In modern German a v is usually pronounced like an f. Looking through the academic literature (Wiktionary), Vater is spelled with a v beginning in Middle German. Does that reflect the pronunciation of the word or merely that the v → f sound change had already occurred and the spelling reflected that?
Probably the latter, though it may have depended on dialect.
I guess it does depend on dialect. It’s safe to say it wasn’t widespread. Or at least we can say that if a v pronunciation was acceptable in a dialect, so was an f.
It feels appropriate that the sentiment “a language is a dialect with an army” was first expressed in German.
There’s discussion of “v as [f]” here:
Not much in the way of citations from my first glance.
I don’t get the impression many linguists feel confident about that one.
Countdown to this thread being highjacked by Star Wars nerds…oops!
Yiddish, if you please.
אַ שפּראַך איז אַ דיאַלעקט מיט אַן אַרמיי און פֿלאָט
A shprakh iz a dialekt mit an armey un a flot
c/o Max Weinrich. Yiddish has a friendliness and charm that German lacks. IMHO it’s important not to confuse the two.
As somebody’s grandmother from the shtetl said,
אַ האַלבער אמת איז אַ גאַנצער ליגן
A halber emes iz a gantser lign
A half truth is a whole lie
Kid joke: The answer is 9W. What’s the question? “Do you spell your name with a ‘V’, Herr Wagner?”
I’ll let myself out.
I wouldn’t put it so generally. There are German words beginning with a V that are, in the standard pronunciation, pronounced with the English v sound.

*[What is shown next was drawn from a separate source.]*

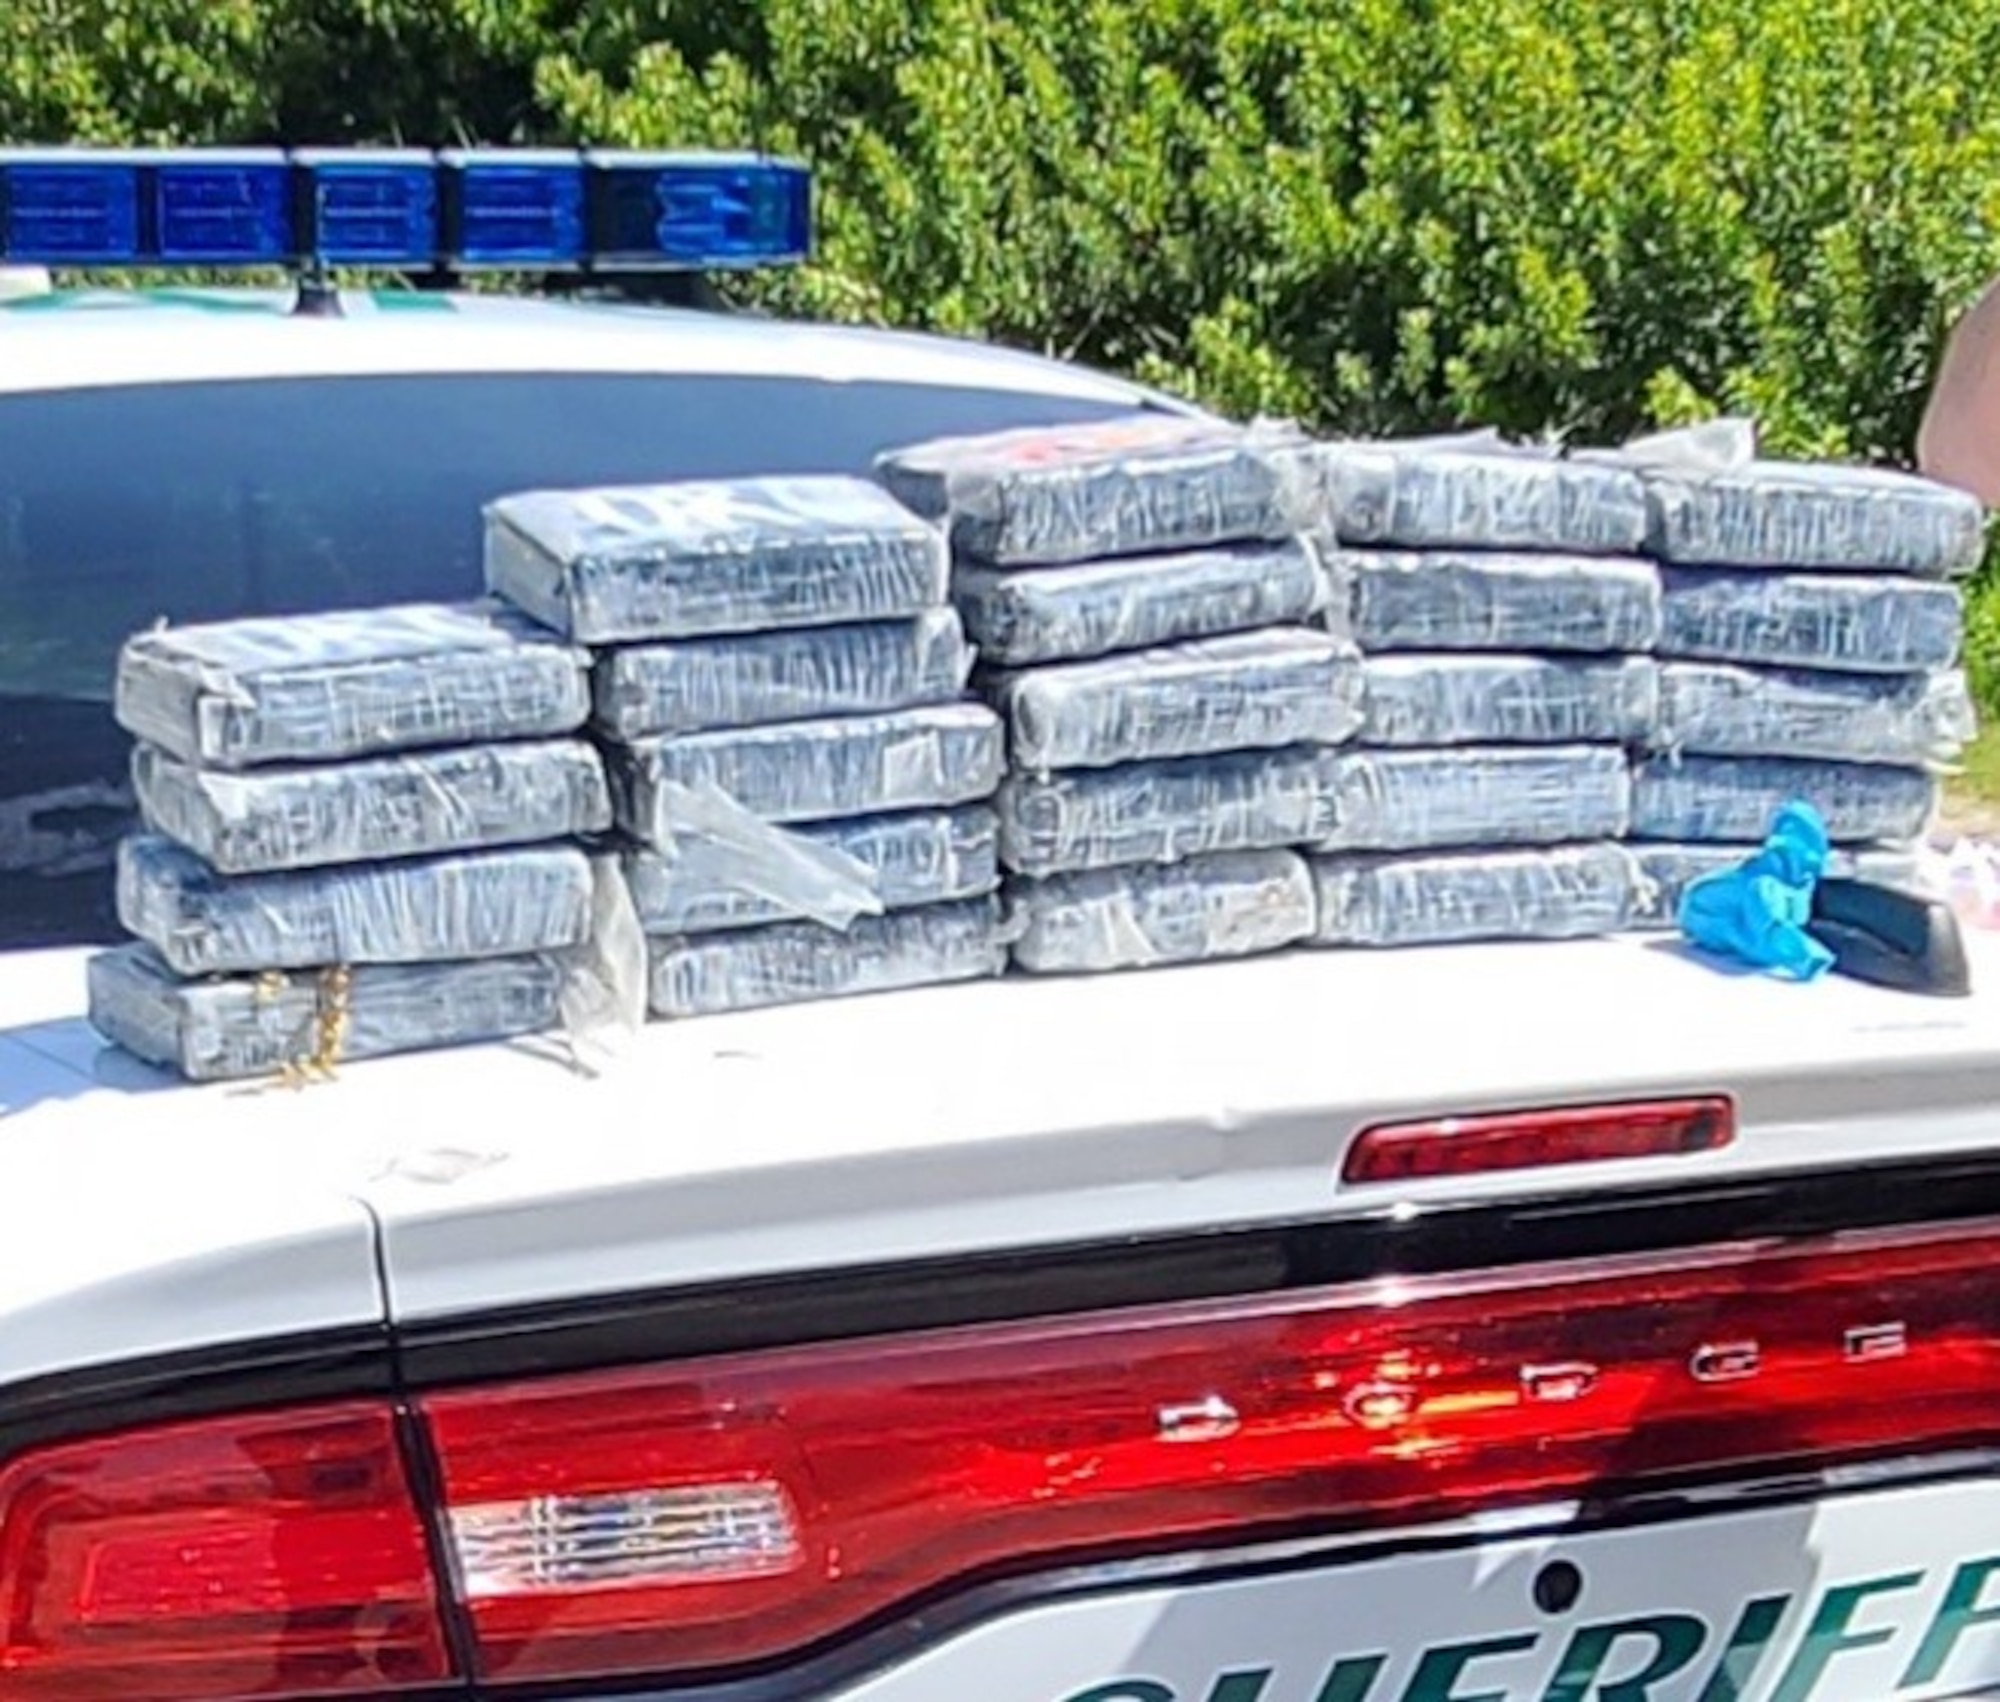 Defenders from the 45th Security Forces Squadron seize nearly 30 kilograms of cocaine that washed ashore on a Cape Canaveral Space Force Station, Florida, beach, May 19, 2021. According to the Brevard County Sheriff's Office, the drugs had an estimated value of approximately $1.2 million.

An example is the name (both first and last) Valentin, occurring in both Valentinstag (the day in February) and the name of 1920s/1930s comedian Karl Valentin, who, in turn, used it as the basis for a joke.
St. Valentine was a Roman from today’s Italy, so I wouldn’t put his name as an example of a native German V-Word.
There are a few words with inter-vocalic v though (e.g. Frevel) that can be pronounced as both [f] and [v].
Works best if you live in New York’s Hudson Valley (for others, it’s a random number-letter combo).
A German word with a leading ‘V’ that’s pronounced like in English is “validieren/Validierung” (validate/validation).
ETA: also “Variation” and “Verifikation/verifizieren”.
This reminds me of something I have wondered about. Is the German w (as in Herr Wagner) really just like the English v? Specifically, is it labio-dental or bilabial? The sounds are nearly identical, but not quite.
Although I am no expert, the fact that the word for father is unvoiced in every IE language I am aware of, suggests it was that way originally and has never changed. I do suspect that the consonant was originally p (and not b).
I had to look those words up, and I’d say that in German, the ‘w’ sound is rather labio-dental. It’s certainly not the same as in English, the sounds in “Wasser” and “water” differ significantly, but I can’t describe it well because I lack the technical vocabulary.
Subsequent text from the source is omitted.